The current share price basically only reflects the net cash position. Partner PepsiCo bought shares at about 4x!! the current stock price, as Dabao recently pointed out. From what I can tell, I see two key reasons for the absurd low valuation. First of all, dividend distributions have been irregular since the covid pandemic, with no dividends in 2020, nor in 2022, despite the communicated 20-40% dividend payout policy, a very strong net cash balance, and over HKD 600m in distributable reserves. Is the company just being conservative, or is there something else at play?

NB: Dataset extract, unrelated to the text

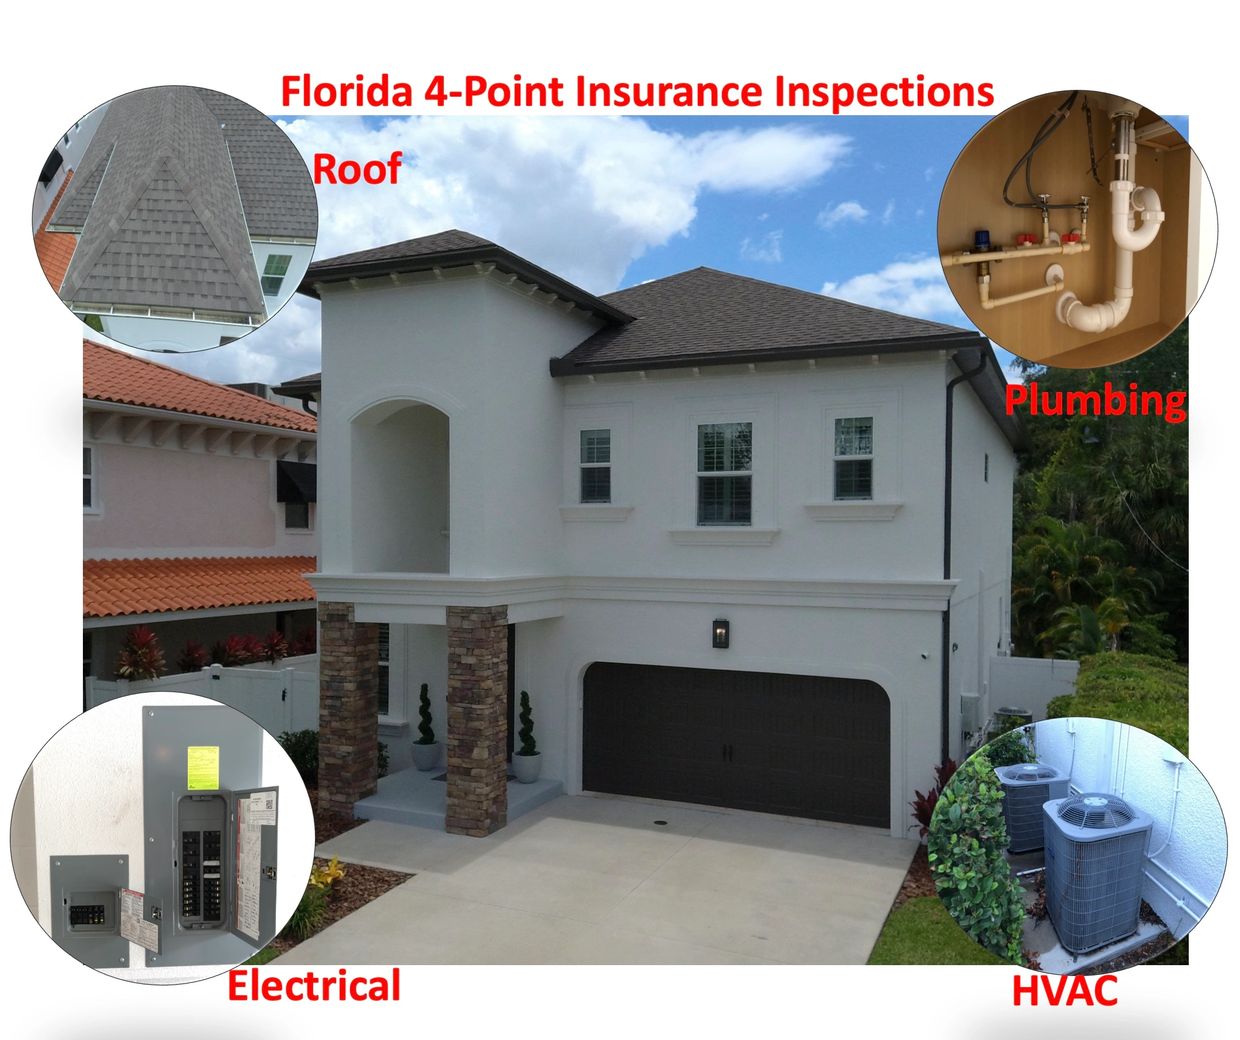 Video Camera Inspection for Florida Residential Homes

In any case, the retained profits have led to the Retained profits reserve improving from a HKD 8.9m negative balance in 2020, to a positive balance of HKD 193m at year-end 2022, Moreover, with 2023 looking like a record year for profitability and the end of the covid pandemic, it is difficult to come up with reasons for the company to withhold even more money from shareholders. I do expect the company to start distributing dividends again, for whatever that is worth. Secondly, there has been a transformational shift in the business. $1837 used to mostly sell via off-line concessionary corners, an economic model with high gross margins and high selling, general & administrative expenses due to commission expenses. This sales channel has been under a lot of pressure, probably exacerbated by the pandemic. I can imagine that this has created a negative perception with investors. Notably, $1837 has experienced wonderful growth through e-commerce and social media channels. These new channels now account for the majority of overall revenues, 55% mix in the past 12 months.